Resisting proletarianisation in the subsistence sector: social reproduction of gendered and racialised classes of labour

Detalhes bibliográficos
Ano de defesa: 2023
Autor(a) principal: Resende, Amanda Martinho
Orientador(a): Não Informado pela instituição
Banca de defesa: Não Informado pela instituição
Tipo de documento: Dissertação
Tipo de acesso: Acesso aberto
Idioma: eng
Instituição de defesa: Biblioteca Digitais de Teses e Dissertações da USP
Programa de Pós-Graduação: Não Informado pela instituição
Departamento: Não Informado pela instituição
País: Não Informado pela instituição
Palavras-chave em Português:
Link de acesso: https://www.teses.usp.br/teses/disponiveis/12/12138/tde-04122023-201127/
Resumo: In a world where proletarianisation historically produces a surplus population at the margins of the capitalist mode of production (Marx, 1867), questions regarding the social reproduction of the working class arise (Vogel, 1983; Gimenez, 2019). For instance, agrarian questions of labour (Bernstein, 2006, 2010) put forward the problem of commodification of subsistence along with social differentiation between more and less dispossessed classes of labour. This fragmentation is also informed by the flipside of commodification, the ongoing importance of non-commodified relations of production, such as kinship and gender relations, as well as solidarity ties in traditional communities. In other words, the onus of social reproduction, in terms of non-monetised, non-costly for capital, reproductive labour hinges on gendered and racialised bodies.

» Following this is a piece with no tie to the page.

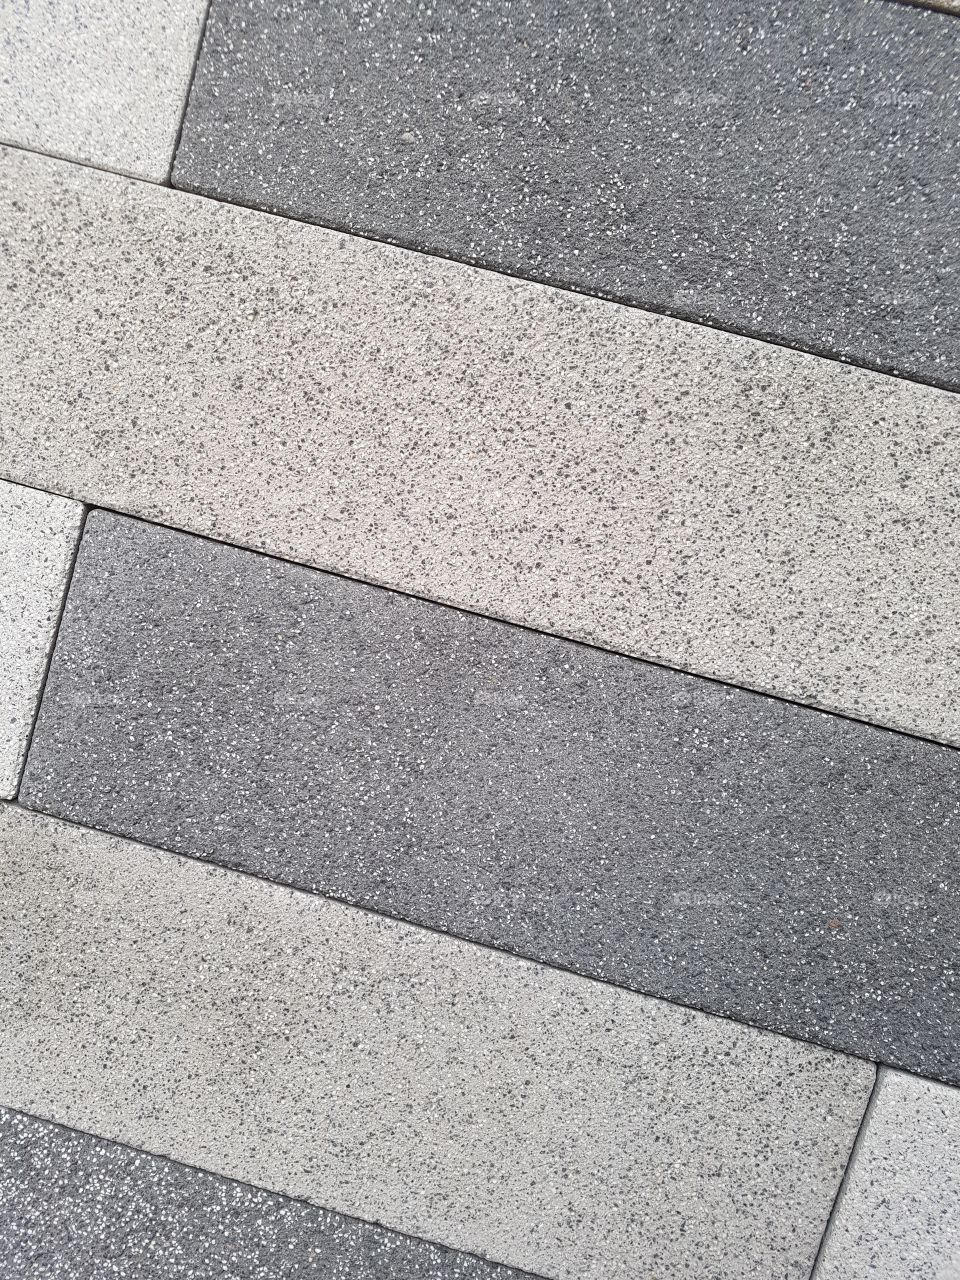 Cement elements of floor

Given this context, in the first paper of this dissertation, I propose a critique of the political economy of development and its understanding of proletarianisation in the global South (and more generally, in the global North), epitomised in Lewis (1954) classic formulation, a dual economy, with its division between a subsistence sector and a capitalist sector. By doing so, I seek to understand further Marxs special commodity, labour power, the only one not reproduced capitalistically (Bhattacharya, 2017). In the second paper, I investigate the Brazilian historical experience of proletarianisation and present empirical evidence from the Agricultural and Livestock Censuses and the Quarterly National Household Sample Survey to argue that pluriactivity (Schneider, 2003), as an income diversification resistance strategy of family farmers and peasants, is articulated to gendered and racialised classes of labour.